**What is expected:** Where an image appears in the data, omit it and reproduce the rest exactly.

**Available data:**
◇ ◇ ◇ ◇

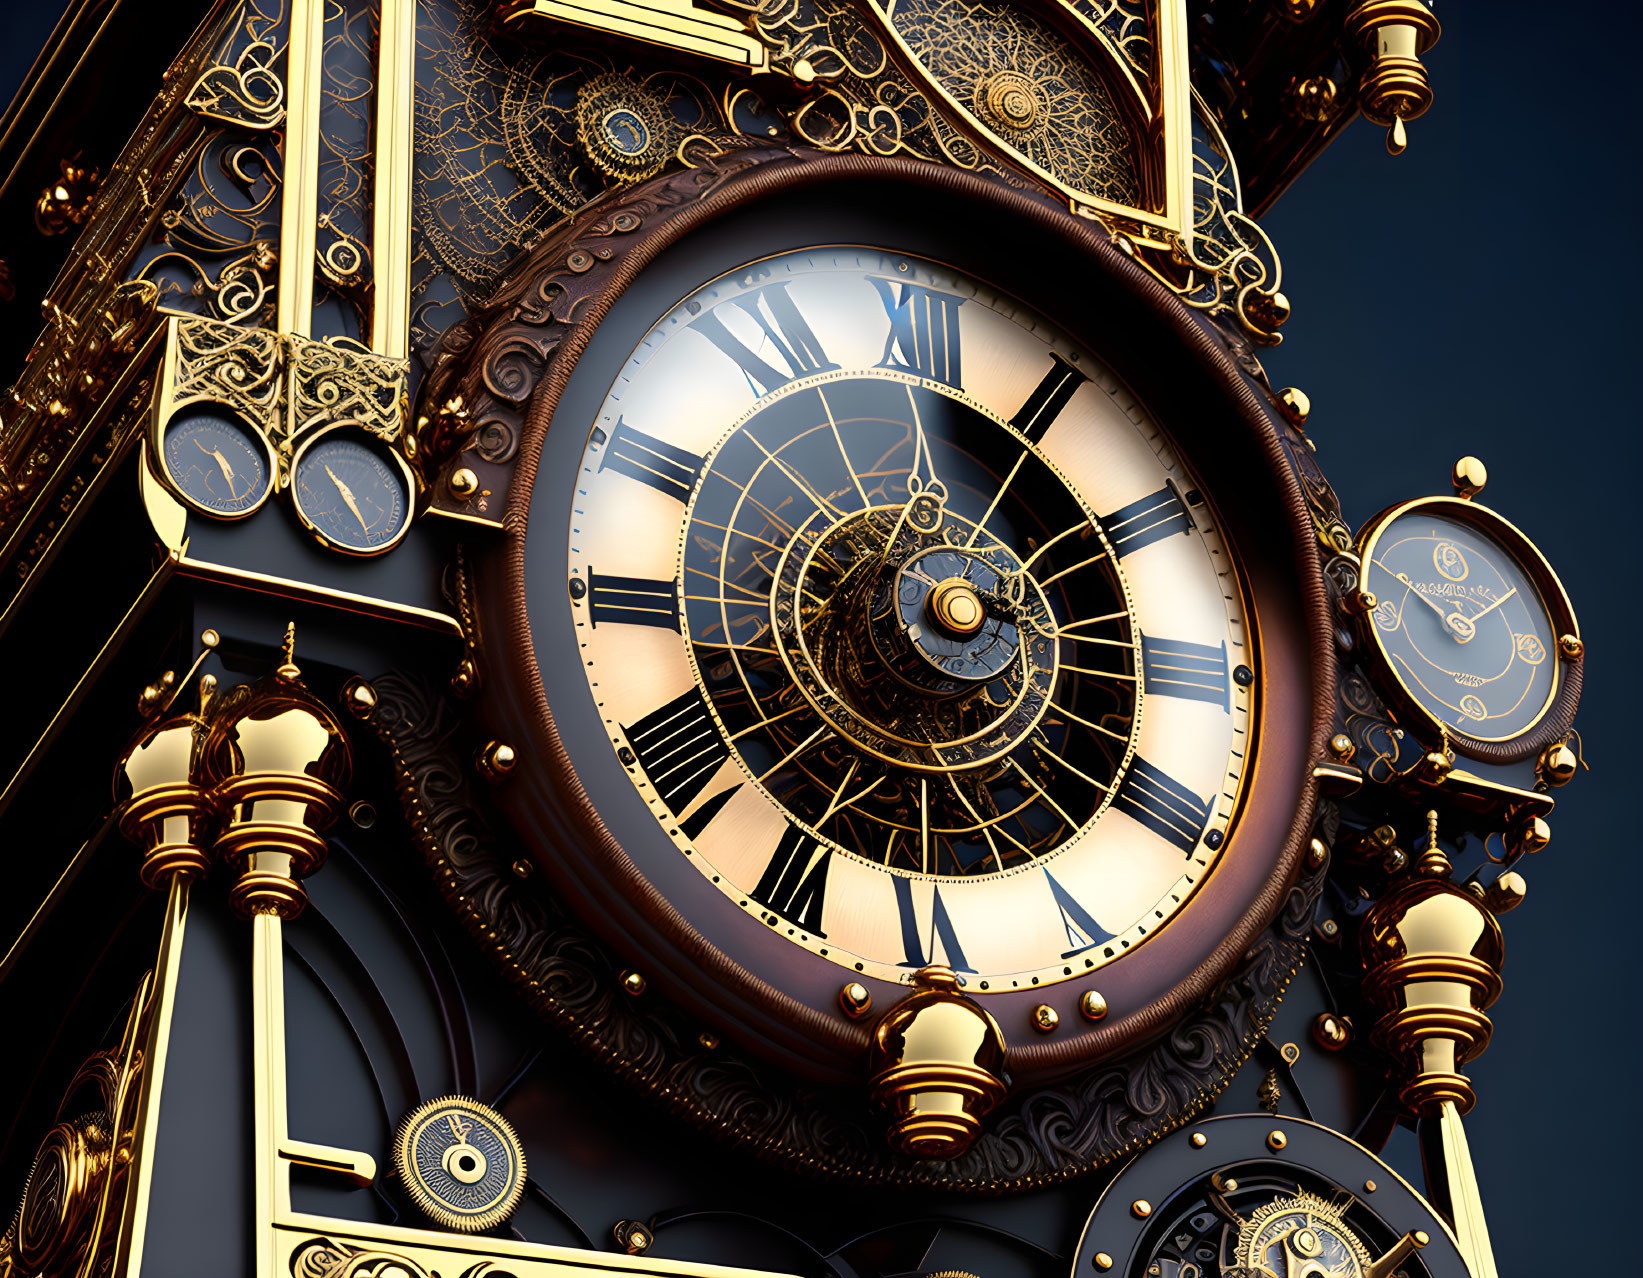 Golden gears and intricate patterns on ornate clock against dark backdrop
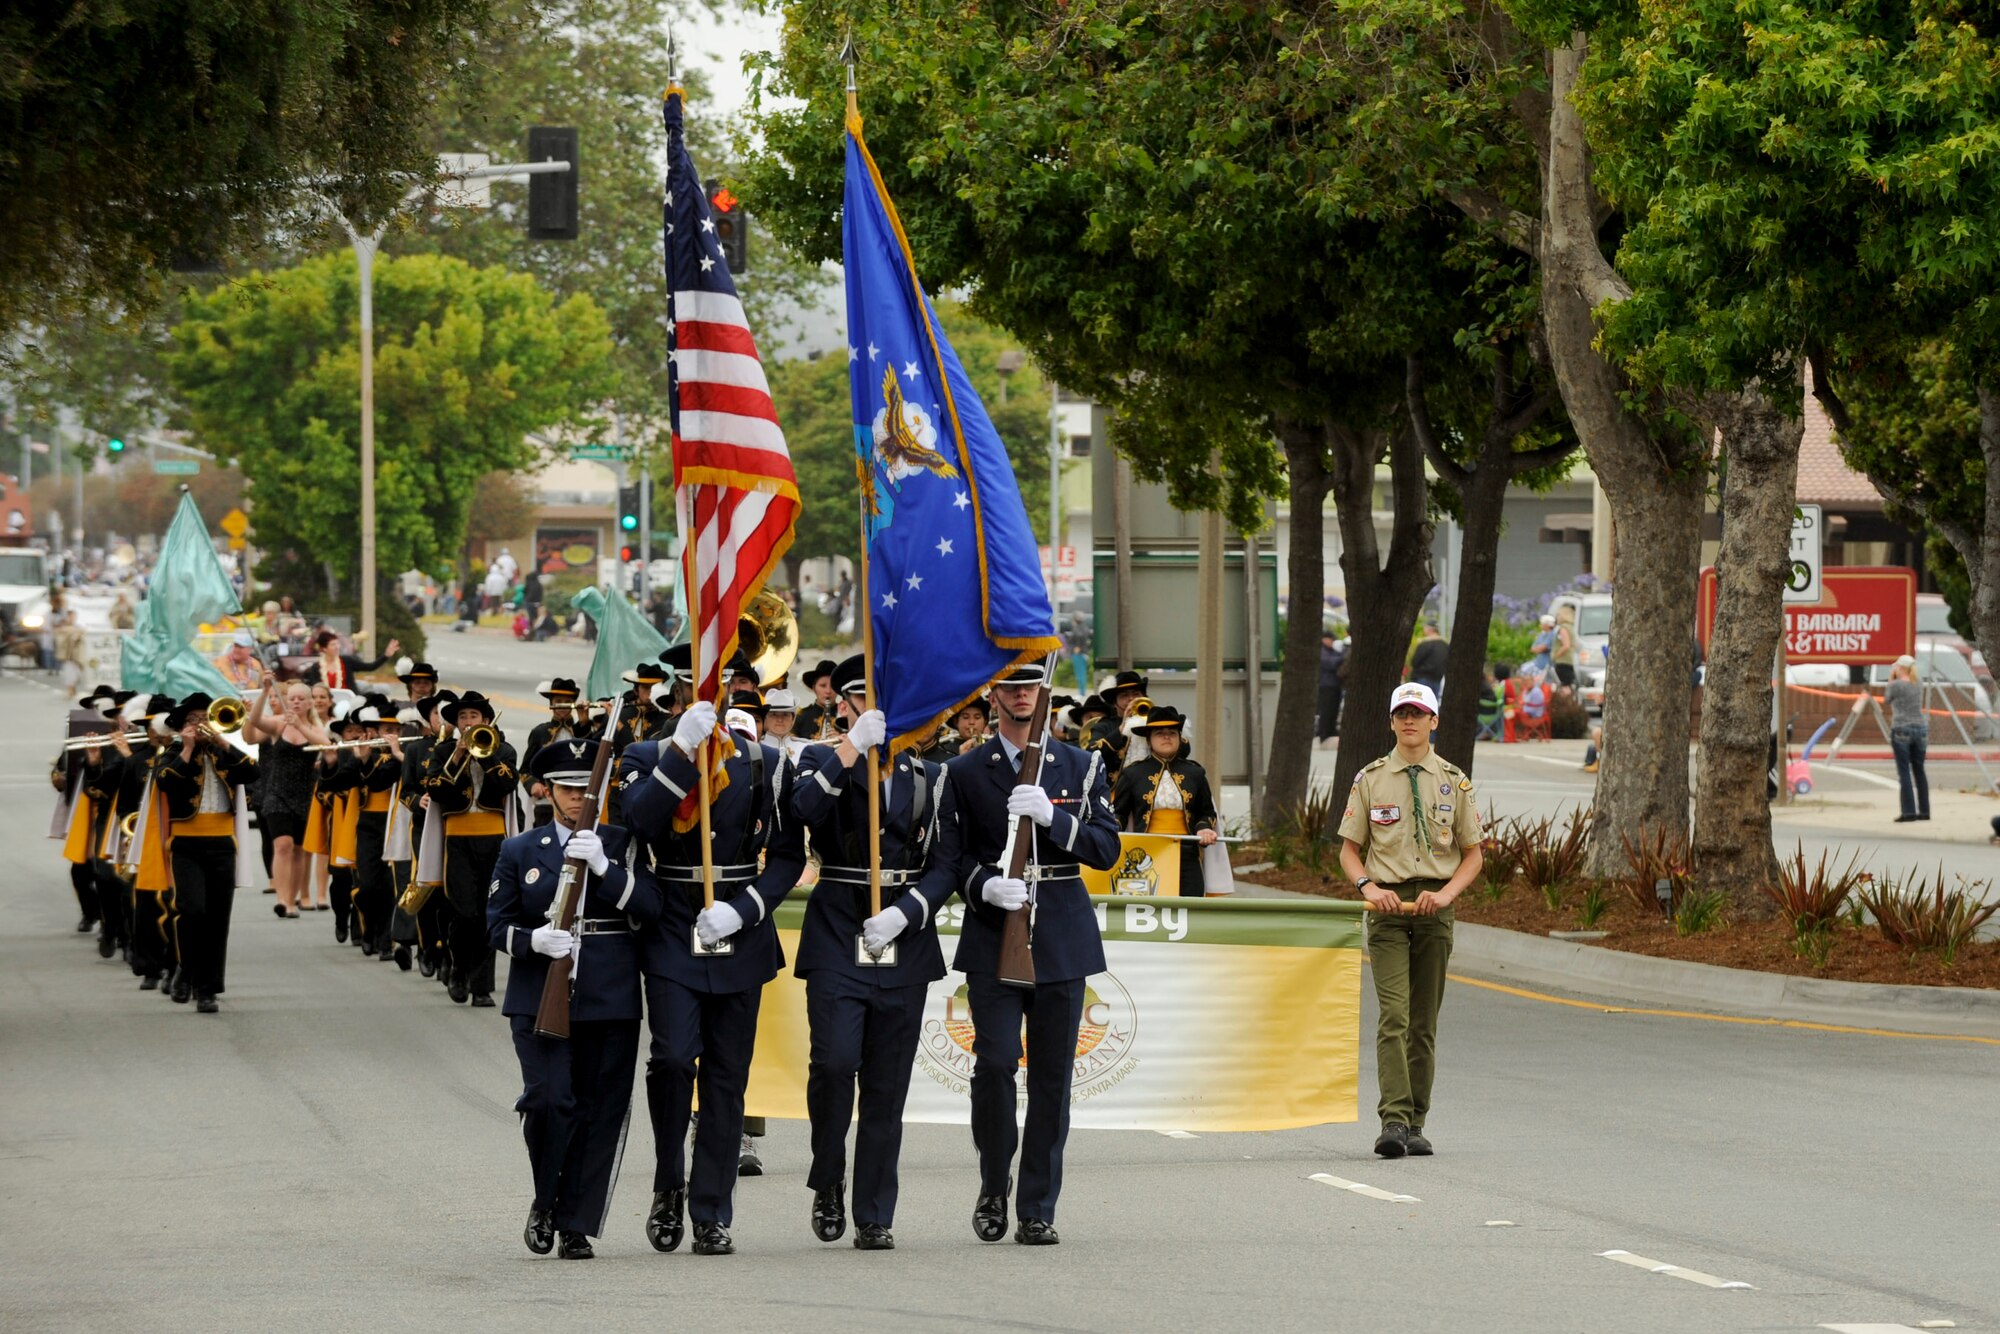 VANDENBERG AIR FORCE BASE, Calif. - The Vandenberg Air Force Base Honor Guard marches during the city of Lompoc's 60th Annual Flower Festival Saturday, June 23, 2012. The parade is part of a five day event that celebrates Lompoc’s flower fields and culture. (U.S. Air Force photo/Staff Sgt. Levi Riendeau)
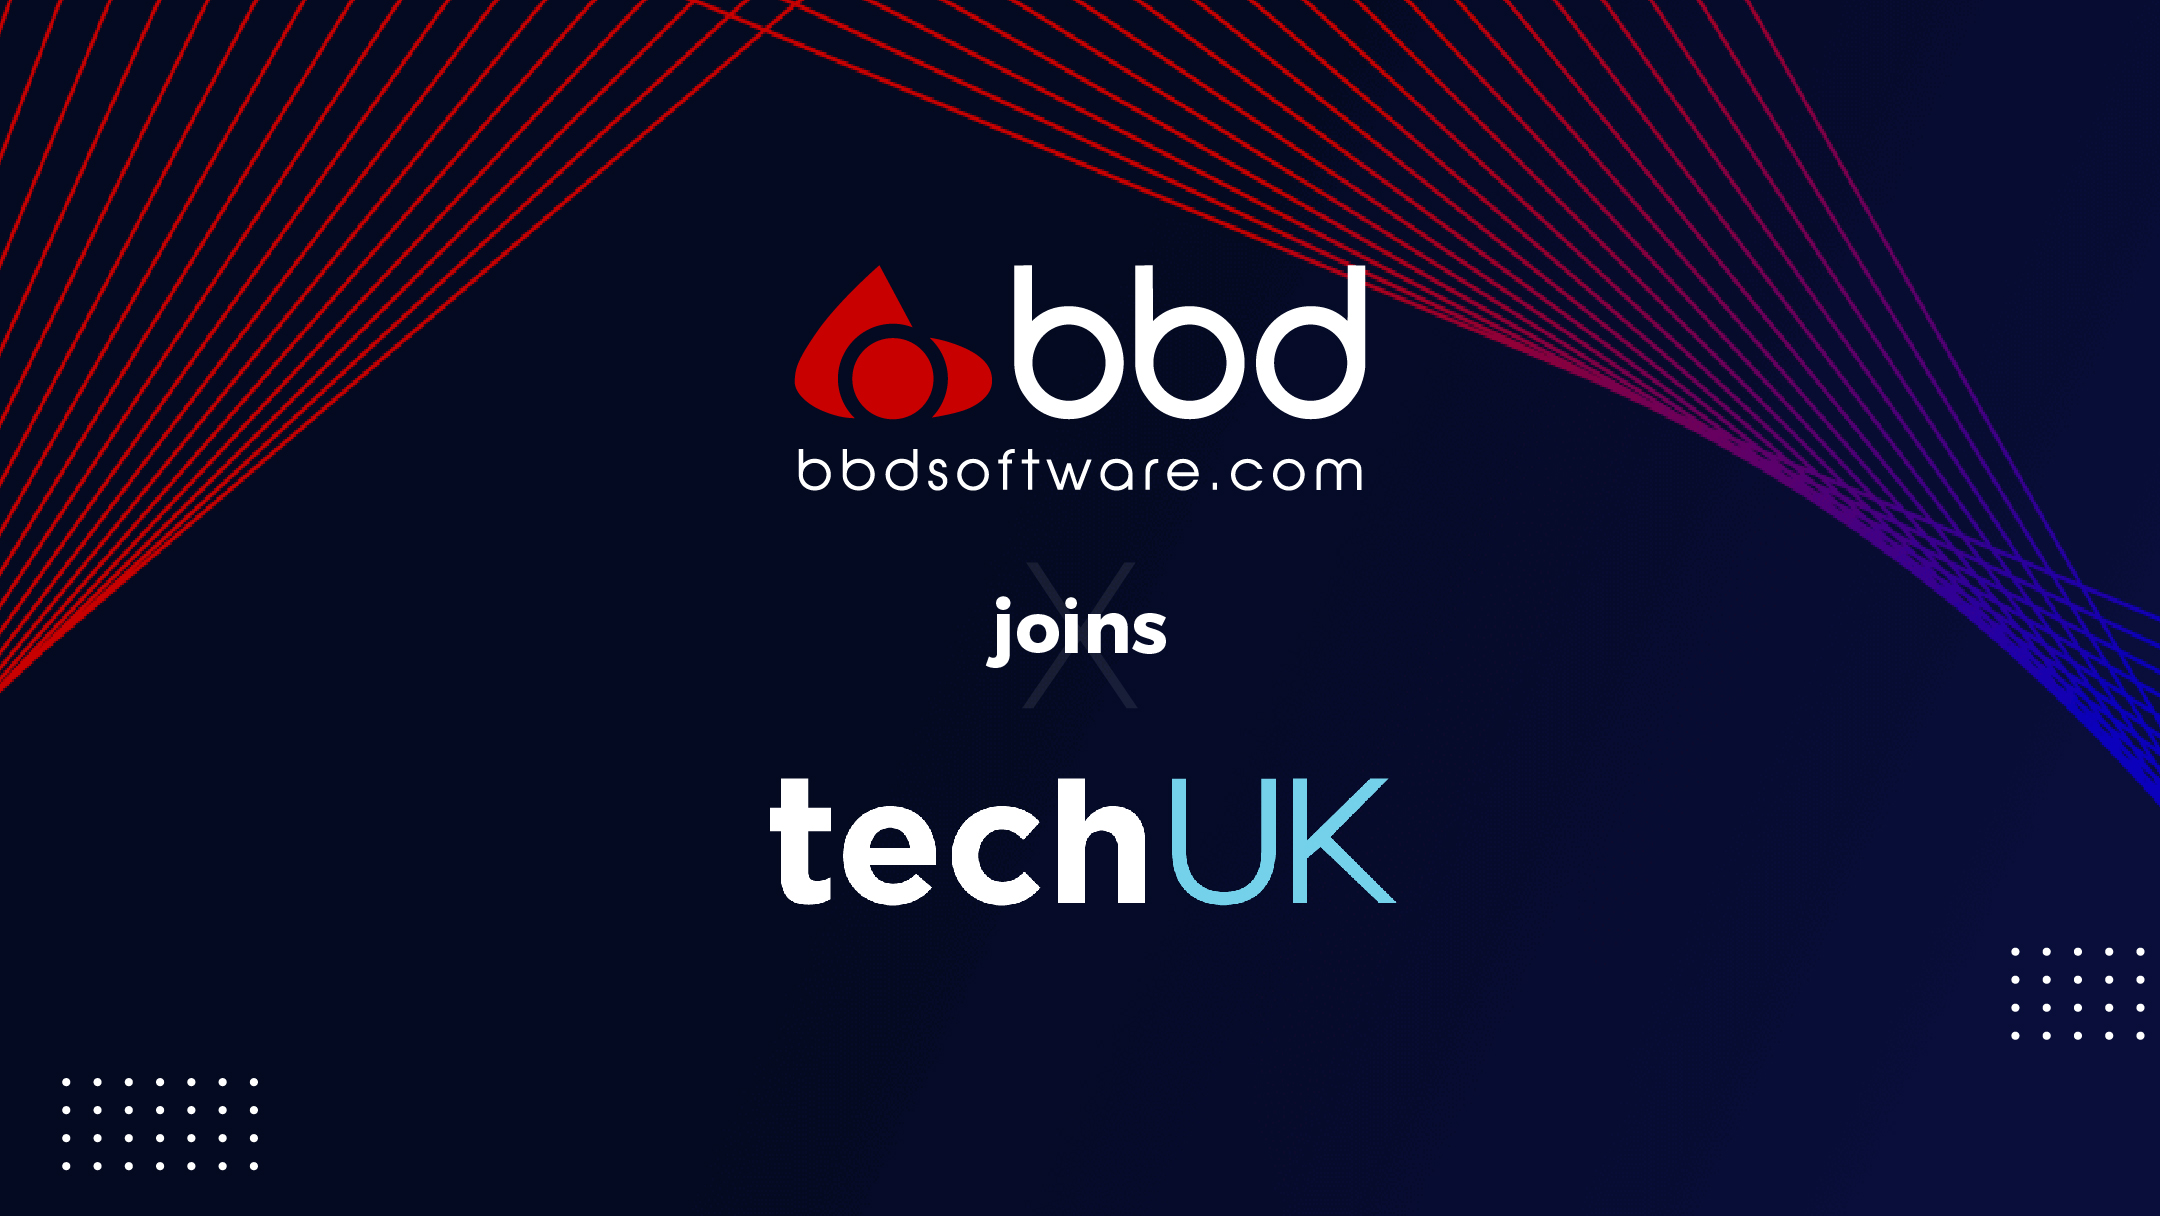 BBD joins techUK

◇ ◇ ◇ ◇

**Output below:**
 Golden gears and intricate patterns on ornate clock against dark backdrop
 VANDENBERG AIR FORCE BASE, Calif. - The Vandenberg Air Force Base Honor Guard marches during the city of Lompoc's 60th Annual Flower Festival Saturday, June 23, 2012. The parade is part of a five day event that celebrates Lompoc’s flower fields and culture. (U.S. Air Force photo/Staff Sgt. Levi Riendeau)
 BBD joins techUK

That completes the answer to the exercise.